I've been...out-of-sorts lately. Up in the air. Feeling tossed about. Yet, at the same time, feeling a spiritual peace and confidence that I haven't felt in years.
I know what God wants me to do, is calling me to do. I know that I want to do it. The "it", of course, is returning to the local church as a pastor. This is pretty amazing given that even three months ago I was actively looking for chaplain jobs and feeling pretty sure that I was going to make a career out of extension ministry.
Of course, three months ago I was still essentially giving God the cold shoulder and my spiritual antennae were fairly dull. These days, it seems that everywhere I go and everything I hear is pointing in the same direction: back to the local church, back to Pride Rock (see previous post). Even my pastor's sermons seem directed towards this, although I'm fairly certain that he's not preparing them going, "let's see, what pep talk can I give Patti this week? Screw the other 300+ people who'll be there, what does Patti need to hear?" But it FEELS that way sometimes.

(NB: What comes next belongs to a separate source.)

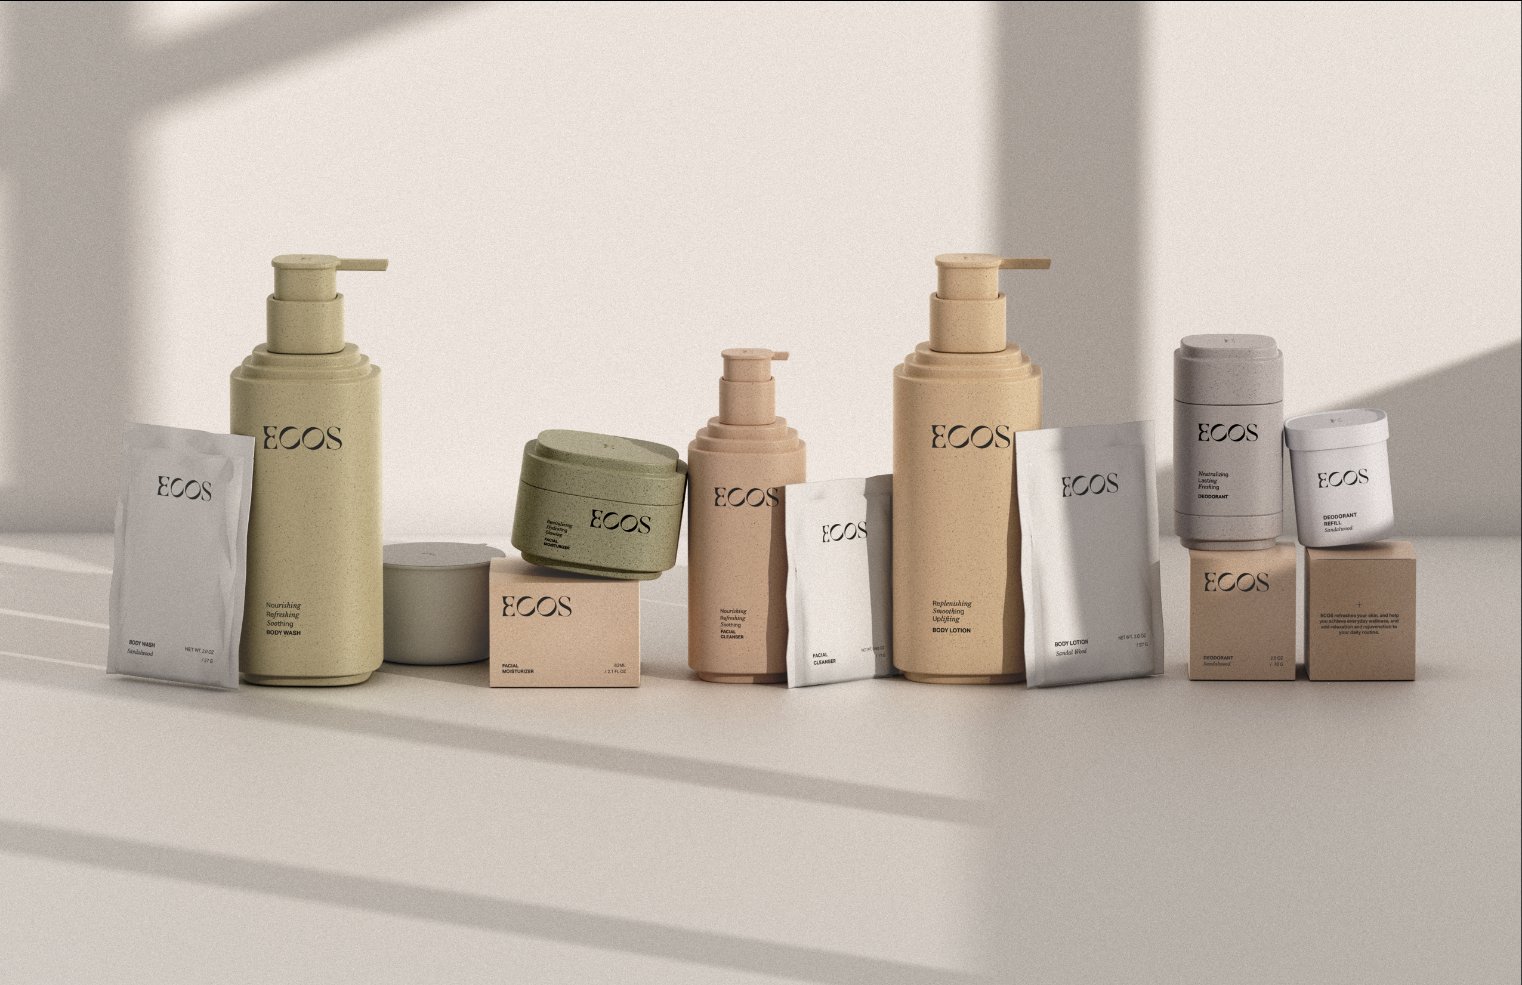 This Stylish Concept Imagines a Chic Minimalist Skincare Line for ECOS

Part 1 of my plan for becoming ready to be Pastor Patti again is to really and fully re-enter the church, specifically the congregation of which I am a part. We've sort of been pew-warmers for the past two-and-a-half years, and sometimes not even that (I can't tell you how many Sundays we missed when I was pregnant and Walter was a newborn). We haven't been part of a Sunday School class, we haven't been involved in ministries, we haven't really done anything beyond attending Sunday worship. I know, it's sad. I'm CLERGY, for crying out loud. It's just...sad.
So, this Sunday I'm bound and determined that we will make it to Sunday School and we will find a class to attend. It may take several weeks, but we will find a class/small group that we like. And we will attend it every week, along with worship. (Except, of course, on the Sundays when I have had a really rough night or receive a page after 7:00 a.m. Because, of course, I'm on call every Saturday night, from 9:00 pm to 10:30 am.)
Harry is gaining himself the reputation as Mr. Computer Fix-it in the church office. I'm sure he will find another niche for his (many) gifts. Our pastor (I don't know if I've mentioned this, but the more I get to know the guy, the more I like him. Not that I ever disliked him, but he's one of those people who's kind of hard to get to know. But he's an excellent preacher, apparently a good leader since he's been at this church for 11 years, and lest we forget HE LET ME PREACH.) has apparently put my name on several committees, including the Administrative Council. I may begin attending them in the near future, just for the opportunity to be a "fly on the wall" and learn from observation.
But first, before I attend any meetings, I'm going to do what I should have done months and months ago, perhaps even over a year ago: I am going to make an appointment with my pastor, sit down with him, and tell him my story in the most succinct manner possible. I will do that this week (you know, the week of the 9th). Or, at least MAKE the appointment, even if it winds up being next week.
And maybe after I spill my guts to him, he'll tell me if he's moving or not. Or, at least what the possibility is. (:
Can someone hold me accountable to the "meet with pastor" thing? Bug me until I say I've done it? Thanks.
1 comment:
Done. I will hold you accountable. I will check back in and see if you have made the appointment. But really, I suspect you will do this anyway, because GOD is going to nudge you until you do...and no one is more nudgy than God...ever so quiet and subtle though God may be.